Schlesinger was born and raised in Hampstead, London,[2] in a Jewish family,[3] the eldest of five children[4] of distinguished Emmanuel College, Cambridge-educated paediatrician and physician Bernard Edward Schlesinger (1896–1984), OBE, FRCP, who had also served in the Royal Army Medical Corps as a brigadier,[5] and his wife Winifred Henrietta, daughter of Hermann Regensburg, a stockbroker from Frankfurt.[6] She had left school at 14 to study at the Trinity College of Music, and later studied languages at the University of Oxford for three years.[7][8] Bernard Schlesinger's father Richard, a stockbroker, had come to England in the 1880s from Frankfurt.[9]

After St Edmund's School, Hindhead and Uppingham School (where his father had also been),[10] Schlesinger enlisted in the British Army during World War II. While serving with the Royal Engineers, he made films on the war's front line.

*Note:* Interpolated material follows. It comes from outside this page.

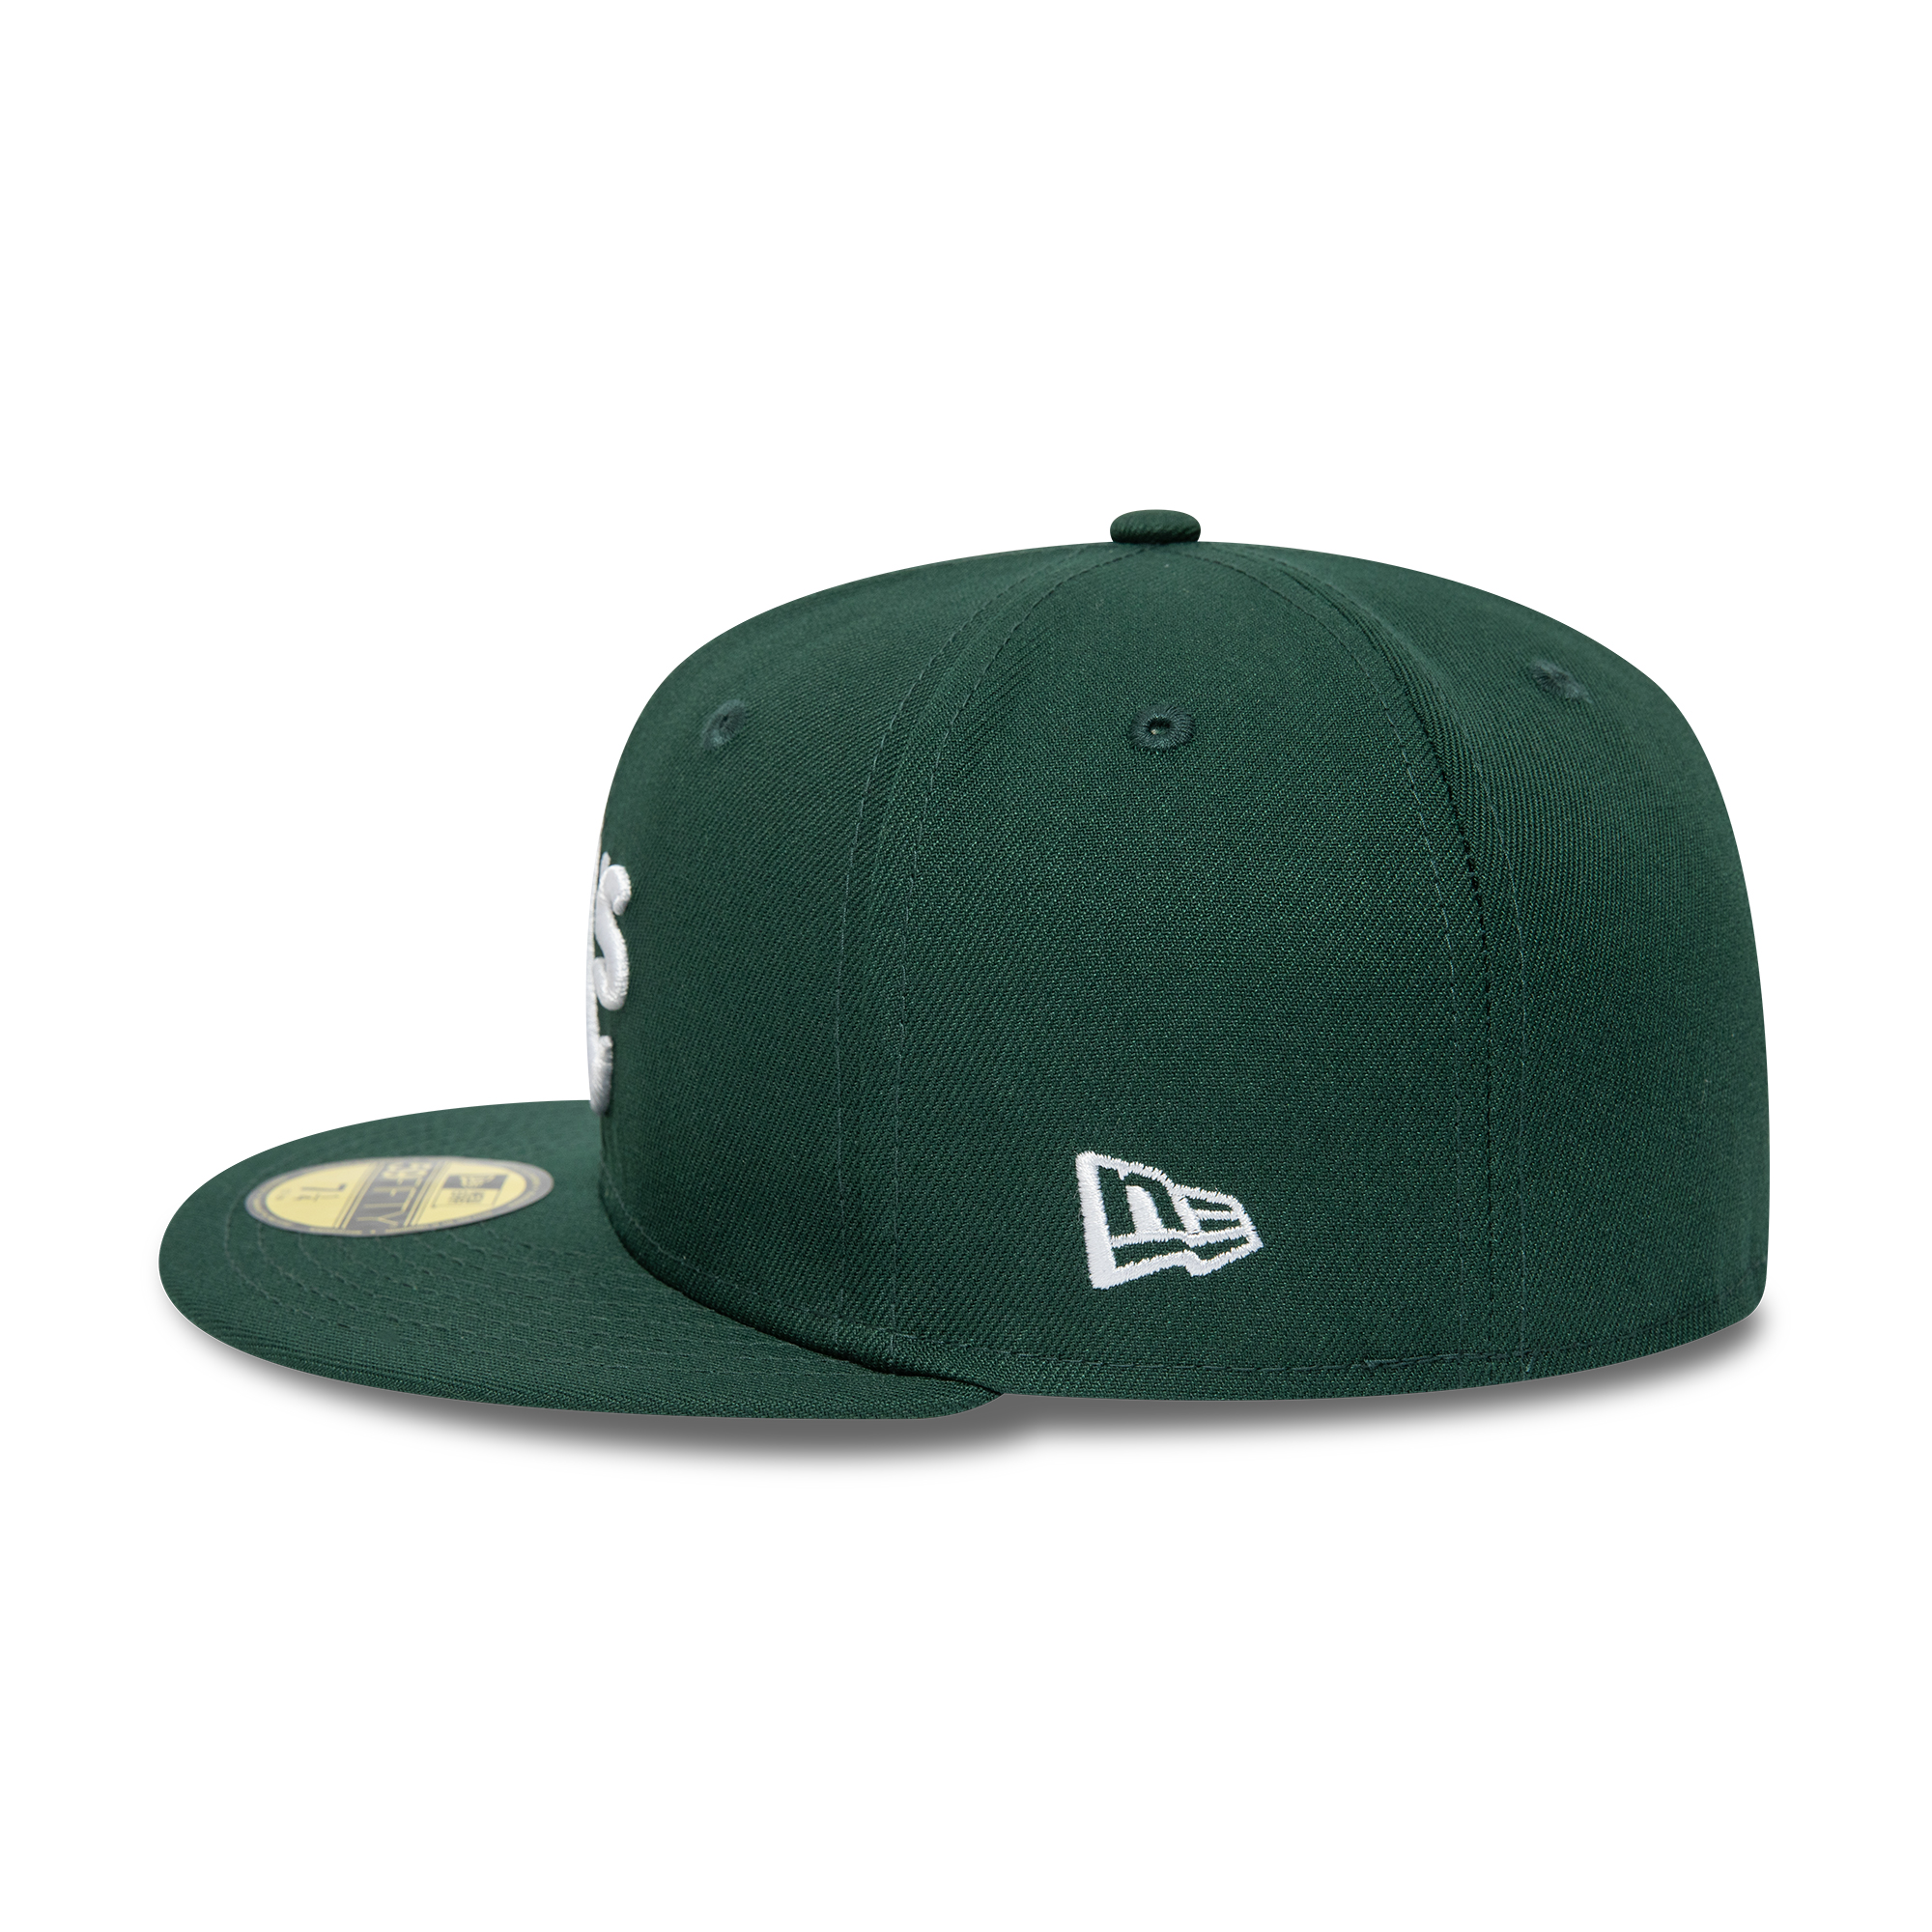 Oakland Athletics American League Stadium Dark Green 59FIFTY Fitted Cap

He also entertained his fellow troops by performing magic tricks.[11] After his tour of duty, he continued making short films and acted in stage productions while studying at Balliol College, Oxford, where he was involved in the Oxford University Dramatic Society.[12]


Career


Schlesinger's acting career began in the 1950s and consisted of supporting roles in British films such as The Divided Heart and Oh... Rosalinda!!, and British television productions such as BBC Sunday Night Theatre, The Adventures of Robin Hood and The Vise. He began his directorial career in 1956 with the short documentary Sunday in the Park about London's Hyde Park. In 1958, Schlesinger created a documentary on Benjamin Britten and the Aldeburgh Festival for the BBC's Monitor TV programme, including rehearsals of the children's opera Noye's Fludde featuring a young Michael Crawford.[13][14] In 1959, Schlesinger was credited as exterior or second unit director on 23 episodes of the TV series The Four Just Men and four 30-minute episodes of the series Danger Man.[15] He also appeared in Col March of Scotland Yard as "Dutch cook" in "Death and the Other Monkey" 1956.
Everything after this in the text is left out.